The Social Councils With Which Our Mothers Became Good Hosts

Video: The Social Councils With Which Our Mothers Became Good Hosts

Video: The Social Councils With Which Our Mothers Became Good Hosts
Video: Nike diocesan synod 2021 2024, December
The Social Councils With Which Our Mothers Became Good Hosts
The Social Councils With Which Our Mothers Became Good Hosts
Anonim

For the good assimilation of food by the human body, the environment in which a person eats is extremely important. The bright and clean room or kitchen, the well-arranged table, the deliciously prepared dish, the cheerful and friendly hostess create a good mood and awaken the appetite of young and old.

What a rest, peace and joy it creates for the family to gather around a friendly, well-arranged table. That is why the hostess, under any circumstances, should always try to arrange a beautiful table.

The mother must teach her children from an early age to help her arrange the dining table. At the beginning the child will give her the salt shaker, spoons, forks, the bread pan, the water glasses. Gradually, his help will expand and along with that he will develop good qualities and habits.

The dining table should be covered with a clean, well-ironed tablecloth. The beautiful snow-white or softly colored nylon tablecloths help the hostess because they keep the tablecloth clean and in good condition for a long time.

It is desirable that the food be served in plates of the same size and decoration.

The plates are arranged on the table at such a distance that the hands of the eaters move freely.

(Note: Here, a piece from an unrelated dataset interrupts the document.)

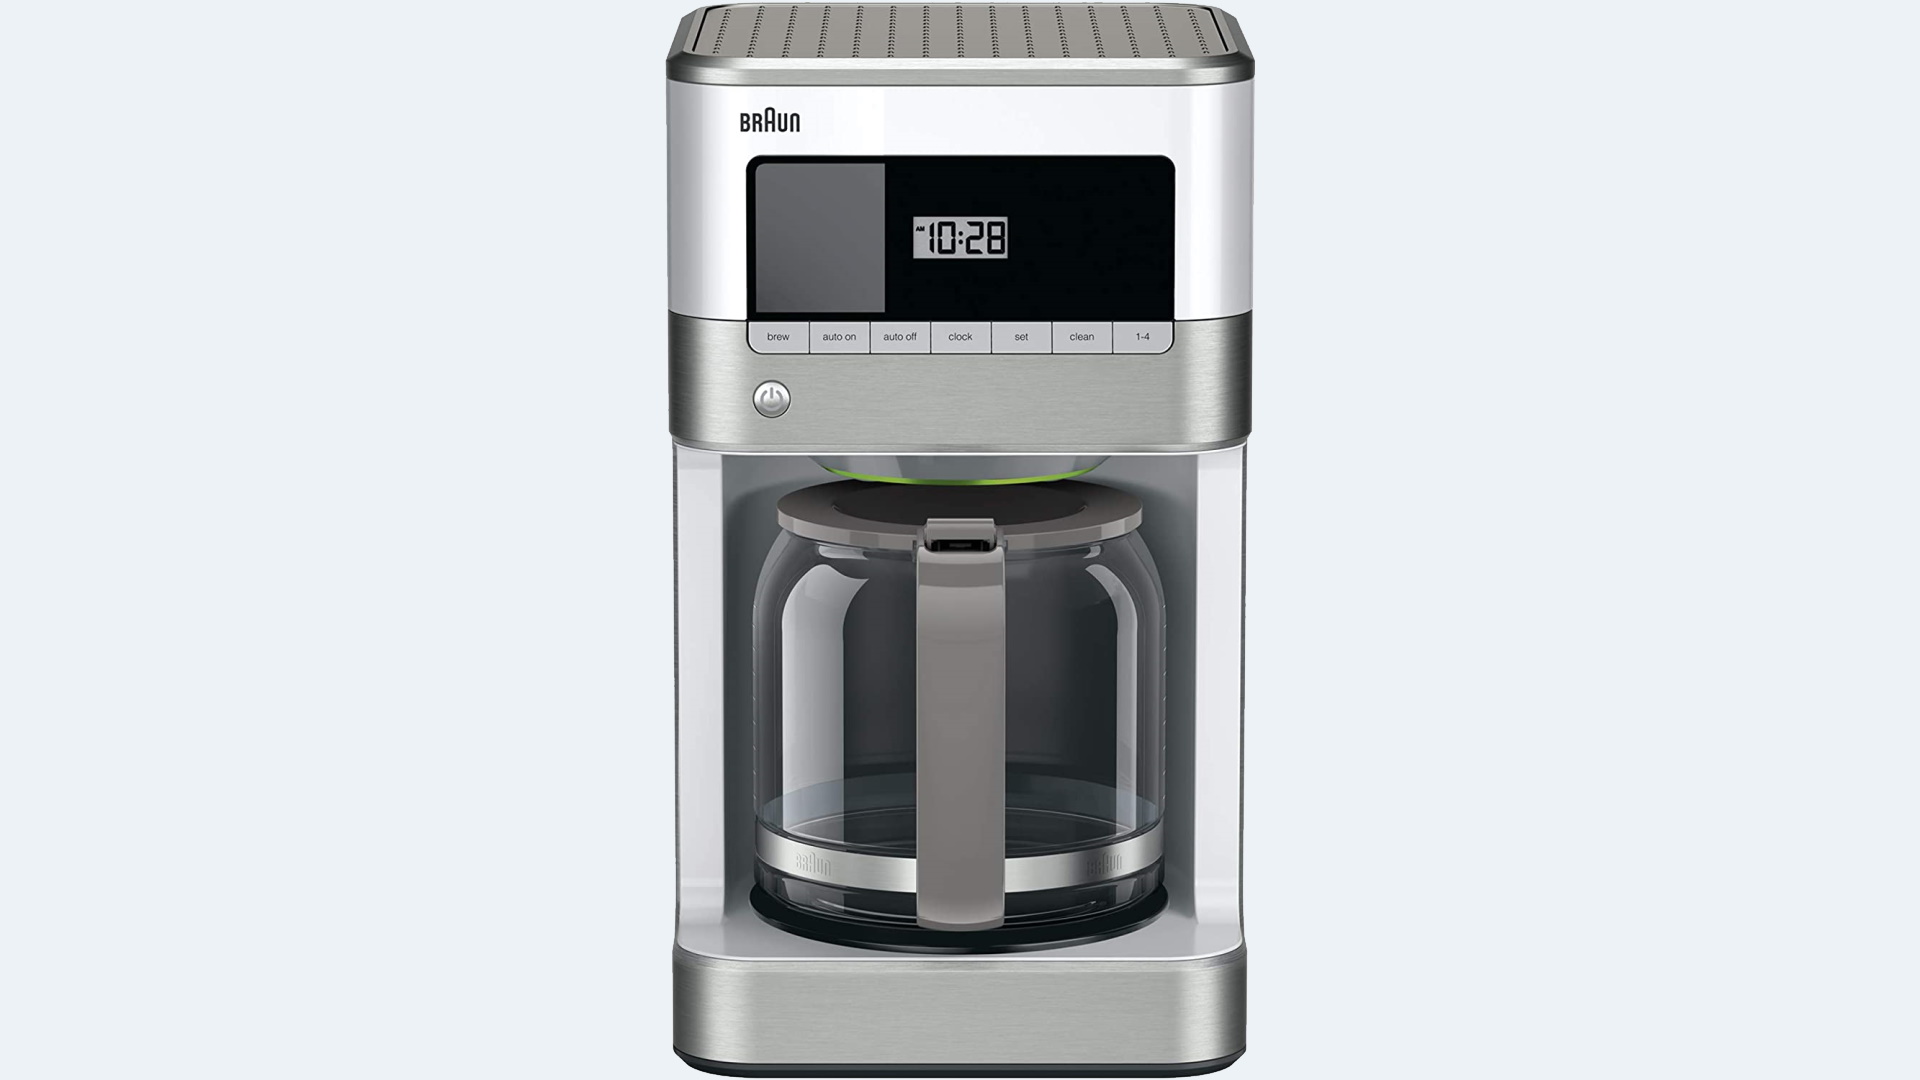 The best appliances for student living: Braun Brew Sense Drip Coffee Maker KF6050

On the right side of each plate, place a knife with the sharp side against the plate. Place the spoon upside down on the outside of the knife. The fork is placed on the left side of the plate. Place the dessert spoon or fork in front of the plate.

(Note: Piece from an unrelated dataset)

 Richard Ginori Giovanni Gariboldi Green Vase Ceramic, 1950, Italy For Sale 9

In front of the plate, a little to the right, is a glass of water. In the middle of the table is placed a pan with bread, cut into thin slices. The water jug and the salt shaker are also placed in the middle of the table next to the bread. Here is the place on the salad plate, which should never be missing from the table. Towels or napkins are placed on the right side of the plate under the spoon and knife.

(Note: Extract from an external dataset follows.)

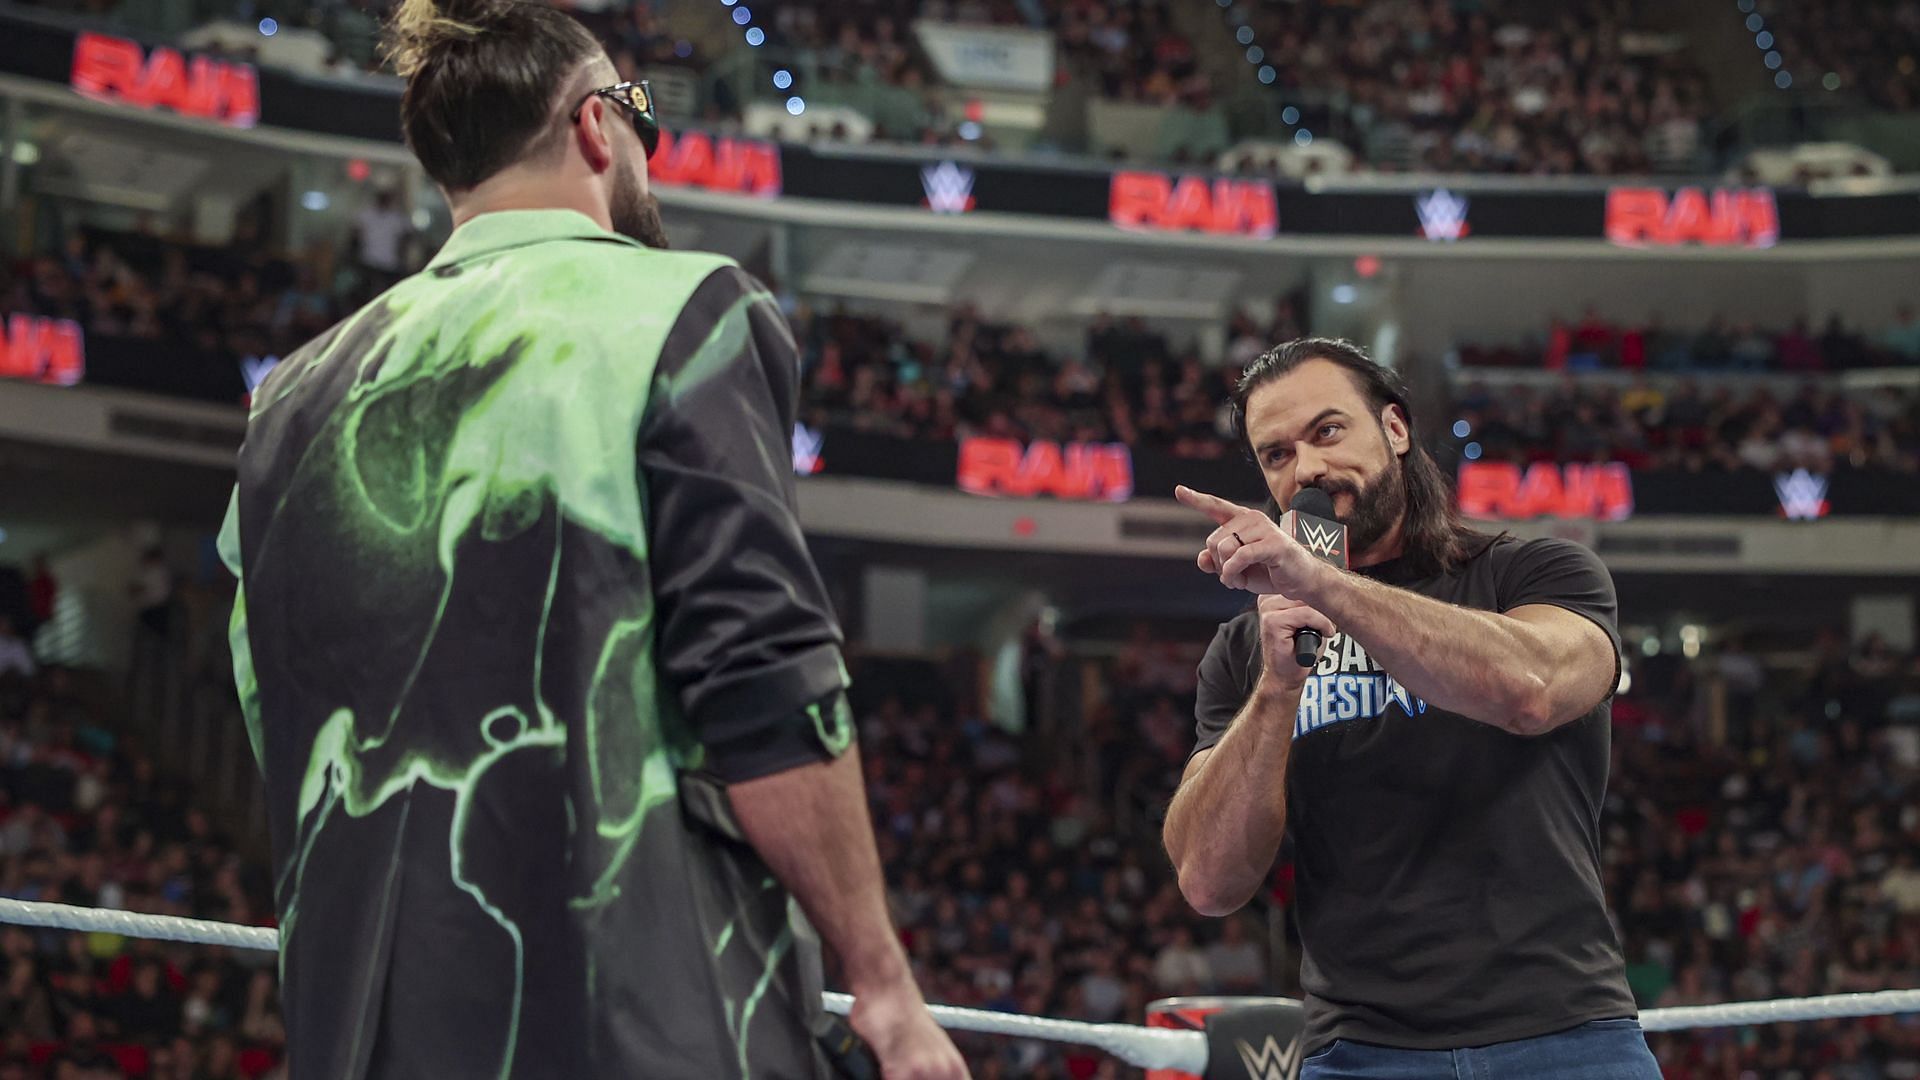 Seth Rollins and Drew McIntyre trade words on WWE RAW

A low vase with a few stalks of fresh flowers, also placed in the middle, makes even the most modest table especially pleasant.

A certain order must be observed when serving food and when eating.

Warm soup or broth and salad are served first. They stimulate the appetite, enrich the food with vitamins and help the secretion of gastric juice.

The dessert is served at the end of the meal, as gastric juices are almost not needed for the absorption of sugars.

The soup, dish or dessert, poured for each in a separate plate, is served on the right side. Used plates are also folded to the right. The dish or cake is served on the left when served in a large plate or in the dish in which they are baked.

It is also necessary to learn certain habits for good posture.

Scoop the soup with the spoon from the middle of the plate to the inside. The bottom of the spoon rests softly on the edge of the plate to drain the drops.

Cooking
Cooking

Bread is usually taken by hand. Once taken, the slice is not returned. During the meal, the bread is not cut with a knife or bitten, but broken into small pieces. It is unpleasant to watch a swollen mouth with large bites.

Meatballs, moussaka, fish, cooked and fried vegetables are not cut with a knife, but separated with a fork into chunks, holding the fork with the right hand.

When cutting roasted, fried, stewed meat, the fork is held in the left hand and the knife in the right. Slicing is done for each bite, not all at once. When cutting, make sure that the fork is tilted towards the plate, not vertically, so that the food does not slip and scatter on the table.

After the meal, the knife and fork are placed in the middle of the plate, parallel to the edge of the table.

Talking with a full mouth is ugly.

When eating stone fruit compote, return the stones with a spoon to the small plate under the compote bowl or to the common waste plate.

When peeled apples or pears, the fruit is cut into slices and then peeled. It is recommended that the watermelon or melon be served cut from the peel and cut into pieces in a large plate, from where everyone takes their own plate.

The grapes are not served in large bunches, but are broken into small bunches in order to distribute them relatively more correctly among the diners.

He is sitting upright in the chair. The body should not rest on the table. Only the arms at the elbows can move above the table.

Filling, serving and storing food should be done calmly and quietly.

When eating, you should maintain a good mood, looking for something pleasant and useful as a topic of conversation.

Unpleasant conversations reduce appetite and food intake is difficult to absorb by the body.